At the patient’s initial visit at the outside otolaryngology clinic eight months prior to referral, an otologic examination revealed normal ear canal, mobile tympanic membranes intact bilaterally without effusion. An audiometric evaluation was performed, which demonstrated mild to moderately severe downsloping sensorineural hearing loss for left ear and mild sensorineural hearing loss of the right ear. The Speech Reception Threshold (SRT) was 20 dB on right and 35 dB on left. Speech discriminations were 96% on right and 76% on the left, and audiogram tracings and a tympanogram was created (Figure 1). In addition, a multi-planar multi-pulse sequence MRI of the brain with and without contrast was performed and demonstrated asymmetric left-sided enhancement in the second turn of the cochlea (Figure 2)

At the patients 2 week follow-up visit, the second audiogram that prompted patient referral was completed, which demonstrated worsening of the patients left-sided sensorineural hearing loss (Figure 3).

At the time of our initial evaluation, the patient was noted to have a positive Romberg test and abnormal Fukuda test, swaying to the left. The patient’s autoimmune panel was shown to be negative. Videonystagmography (VNG) demonstrated leftsided peripheral vestibular weakness, evidenced by a caloric reduced caloric response of 18% in the left ear (Figure 4).

A CT of the internal auditory canal was also obtained at our initial evaluation and demonstrated a normal appearing cochlea and vestibule with well-developed semicircular canals. (Figure 5)

Figure 1: Initial Audiologic Evaluation

Figure 2: MRI.

Figure 3: Follow-up Audiogram after medical therapy.

Figure 4: Results of VNG testing.

Figure 5: Results of VNG testing.

Figure 6: Follow-up MRI demonstrating intra-cochlear schwannoma.

Figure 7: Follow-up audiogram.

At the patient’s six-month follow-up evaluation, a repeat MRI was ordered. This imaging demonstrated enhancement of a very small mass within the cochlea that was stable in size when compared to the initial MRI findings, confirmatory for the suspected diagnosis (Figure 6).

In addition to the imaging, a repeat audiometric evaluation demonstrated relatively stable left-sided SNHL (Figure 7).

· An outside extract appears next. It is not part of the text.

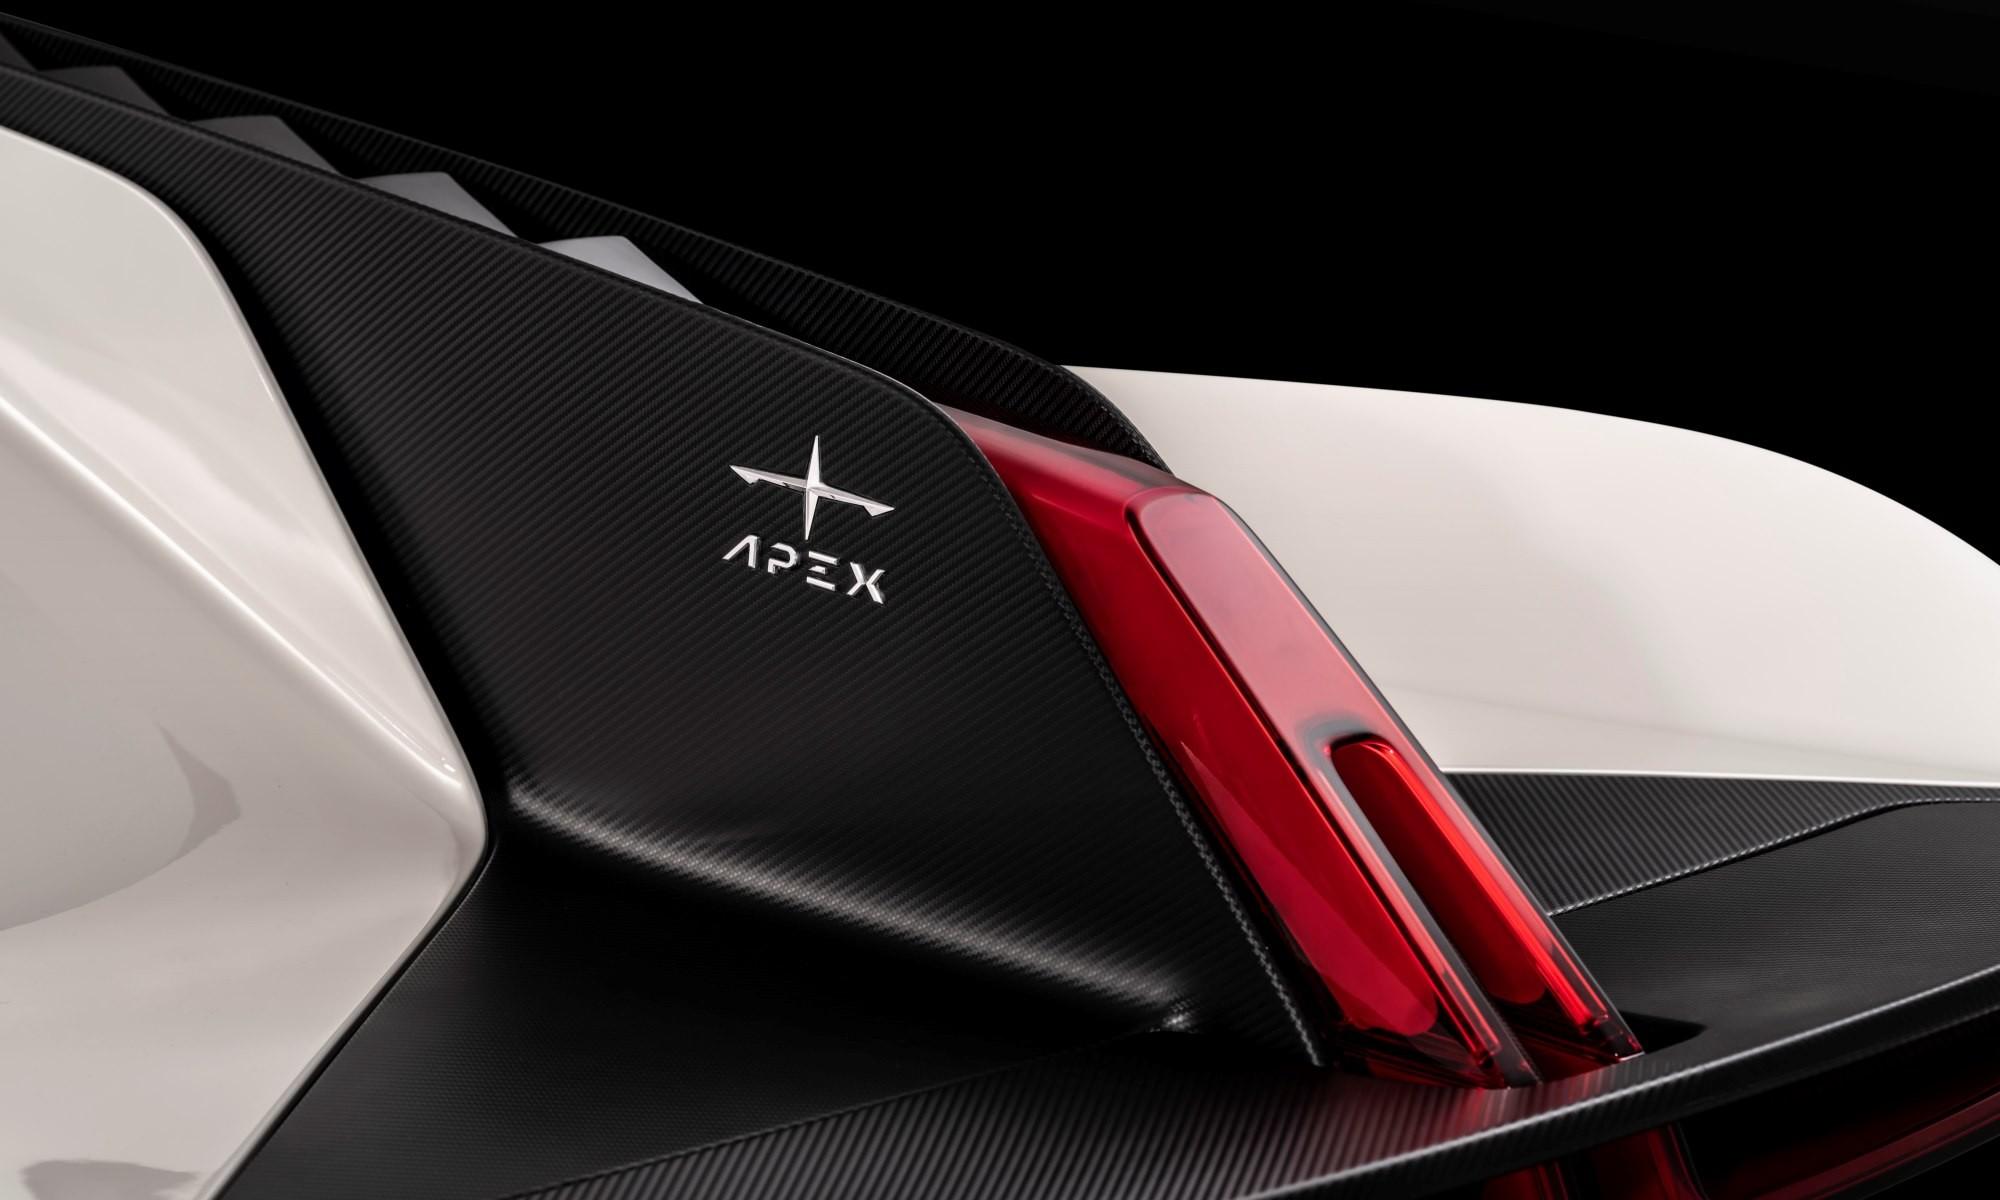 Apex AP-0 fin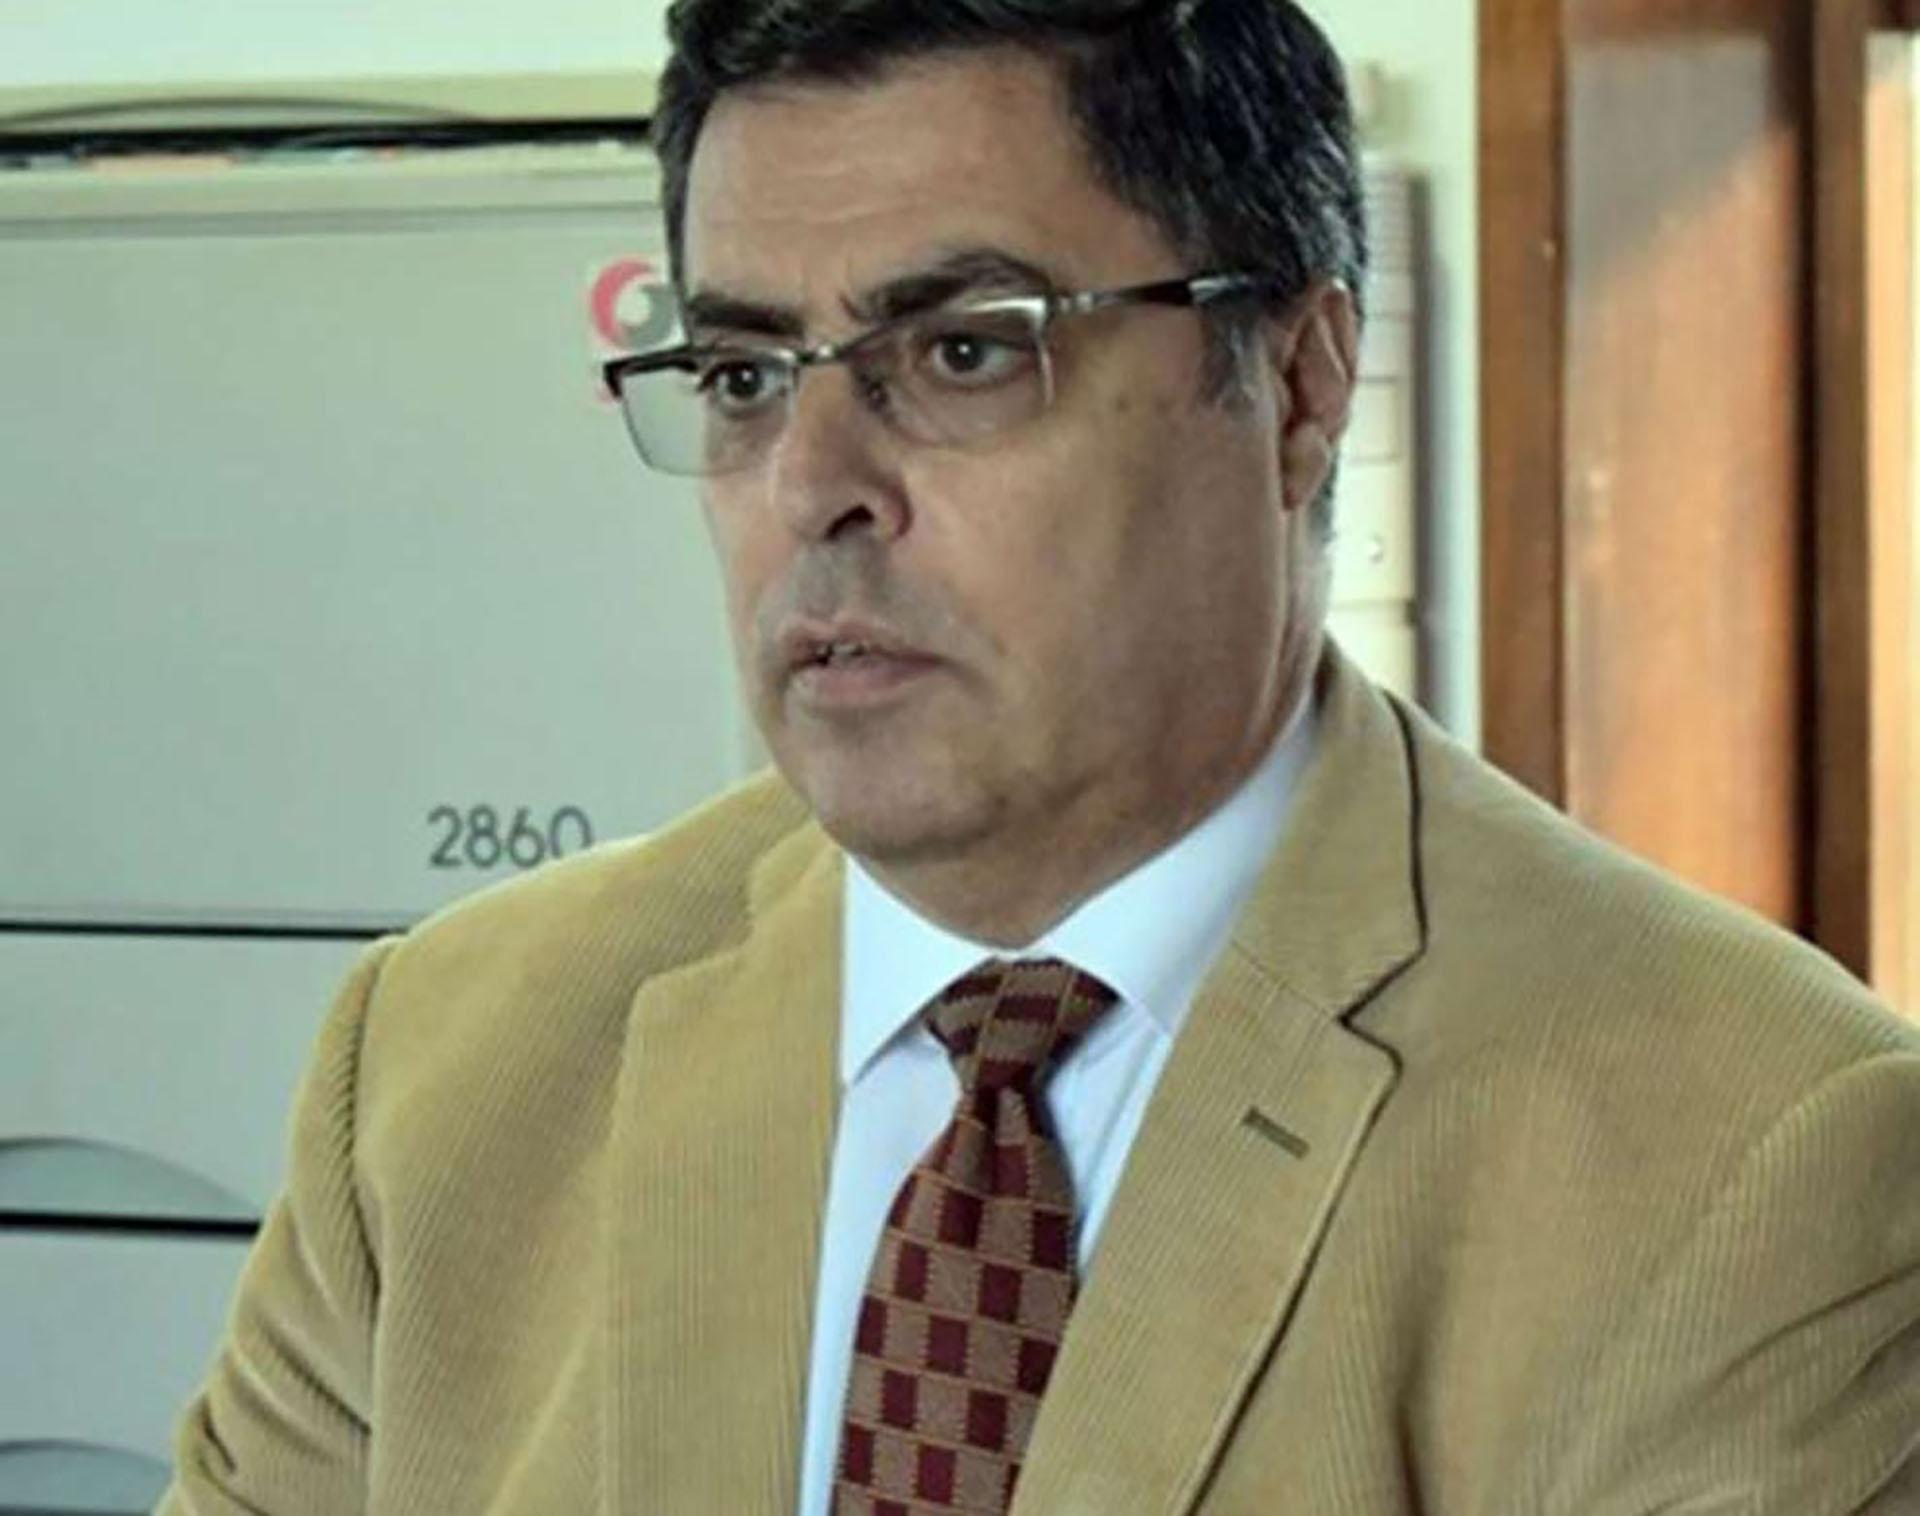 Investigacion al Intendente Melella en Rio Grande Raul Sahade

After discussion of treatment options, the patient elected to proceed with a “Wait-and-Scan” approach. Serial imaging and audiograms are being performed for close surveillance. The patient continues vestibular therapy with improvement for treatment of his disequilibrium and has been followed up with our facility for a total period of 7 months since initial referral. We continue to see this patient at regular 6-month follow-up intervals and he is currently doing well.

Discussion

Intra-Labyrinthine Schwannomas (ILS) are benign neoplasms that arise de novo in the cochlea, vestibule, semicircular canals, or a combination of these structures with no extension into the Internal Auditory Canal (IAC). Currently, ILS can be subclassified into 7 groups based on the inner ear structures that are affected. The subclasses include intravestibular, intracochlear, intravestibulocochlear, transmodiolar, transmacular, transotic, and tympanolabyrinthine. Of these subclasses, the most commonly reported type of ILS is the intravestibular type and the least commonly reported type are the intravestibulocochlear and transotic types. Schwannomas that are exclusively confined to the cochlea are extremely rare [6].

ILS can occur any time between the ages of 7 and 84 with the average presenting age being approximately 52 years of age [1]. Previous reports describing patients with ILS showed that the most common presenting symptom was unilateral hearing loss (93-100%), followed by tinnitus (50%), vertigo (30-51%), imbalance, and aural fullness [4,6-10]. The hearing loss associated with ICS is most frequently classified as sensorineural and progressive in nature and is typically associated with poor speech recognition ability. However, approximately 15-32% of patients can present with hearing loss of sudden onset. There is evidence demonstrating a mixed-type hearing loss that is presumed to be the result of increased intracochlear impedance with these tumors causing a secondary endolymphatic hydrops resulting in disequilibrium and vertigo [5]. The nonfluctuating hearing loss that is typically seen in ILS could differentiate the nature of the disease from the other possible causes of hearing deterioration, indicating the necessity for high-resolution techniques of imaging [4].

Currently, MRI is the gold standard for diagnosis of ILS. Before the use of MRI, these rare benign neoplasms were incidentally identified during surgical procedures of the inner ear or during a postmortem autopsy [4,7-9,11]. Due to the recent advances in MRI and its technology, physicians have an enhanced ability to detect these small lesions within the inner ear. These tumors typically demonstrate gadolinium contrast enhancement on T1- weighted images with a “Filling Defect” seen on T2-weighted images [12].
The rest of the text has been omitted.